CAMEO: Autocorrelation-Preserving Line Simplification for Lossy Time Series Compression
- URL: http://arxiv.org/abs/2501.14432v1
- Date: Fri, 24 Jan 2025 11:59:51 GMT
- Title: CAMEO: Autocorrelation-Preserving Line Simplification for Lossy Time Series Compression
- Authors: Carlos Enrique Muñiz-Cuza, Matthias Boehm, Torben Bach Pedersen,
- Abstract summary: We propose a new lossy compression method that provides guarantees on the autocorrelation and partial-autocorrelation functions of a time series.
Our method improves compression ratios by 2x on average and up to 54x on selected datasets.

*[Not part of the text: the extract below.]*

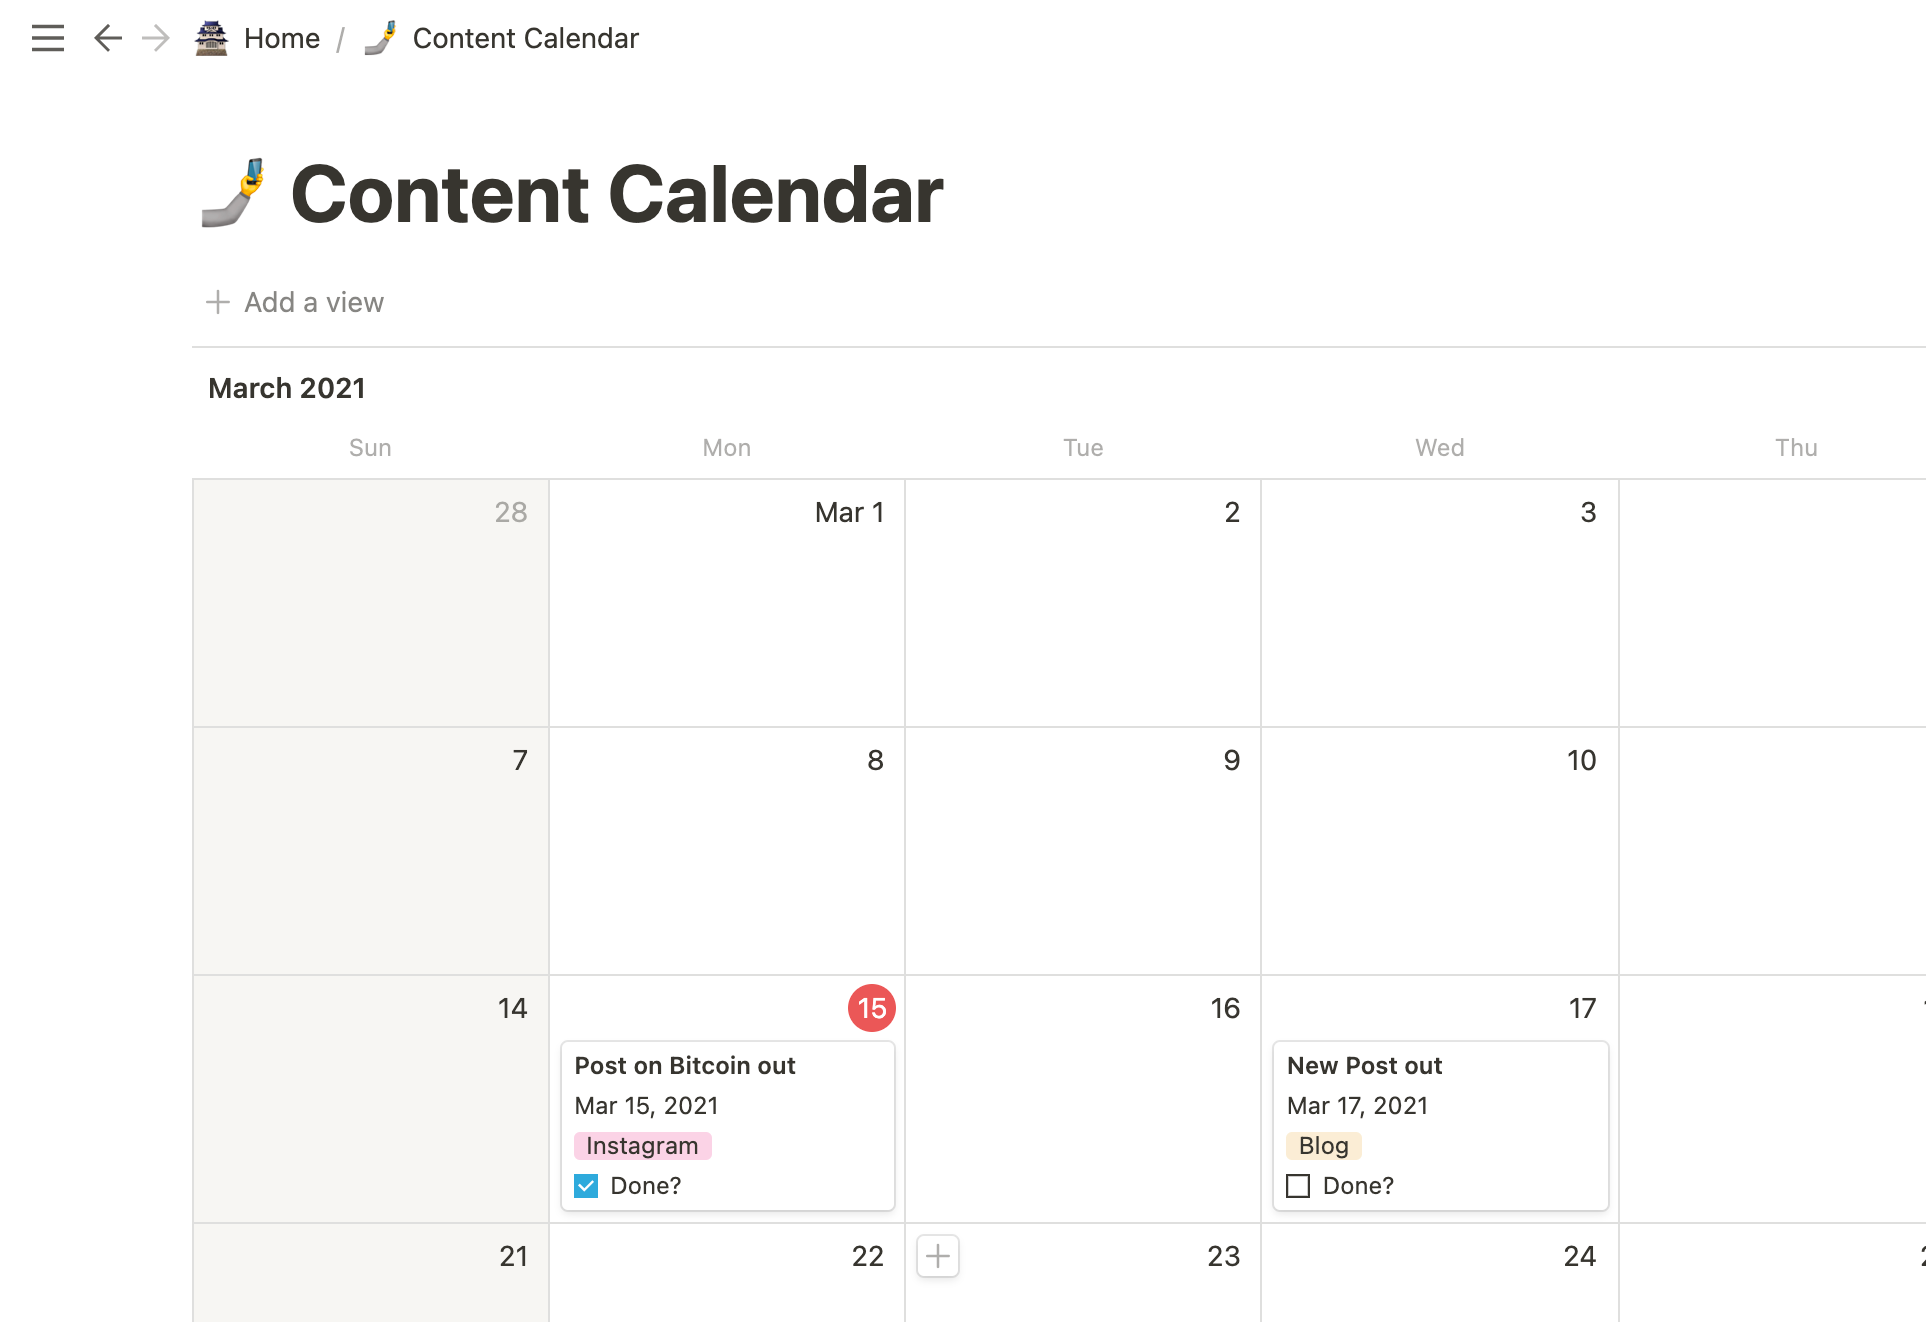 A content calendar in Notion's calendar view

- Score: 7.938342455750219
- License:
- Abstract: Time series data from a variety of sensors and IoT devices need effective compression to reduce storage and I/O bandwidth requirements. While most time series databases and systems rely on lossless compression, lossy techniques offer even greater space-saving with a small loss in precision. However, the unknown impact on downstream analytics applications requires a semi-manual trial-and-error exploration. We initiate work on lossy compression that provides guarantees on complex statistical features (which are strongly correlated with the accuracy of the downstream analytics). Specifically, we propose a new lossy compression method that provides guarantees on the autocorrelation and partial-autocorrelation functions (ACF/PACF) of a time series. Our method leverages line simplification techniques as well as incremental maintenance of aggregates, blocking, and parallelization strategies for effective and efficient compression. The results show that our method improves compression ratios by 2x on average and up to 54x on selected datasets, compared to previous lossy and lossless compression methods. Moreover, we maintain -- and sometimes even improve -- the forecasting accuracy by preserving the autocorrelation properties of the time series. Our framework is extensible to multivariate time series and other statistical features of the time series.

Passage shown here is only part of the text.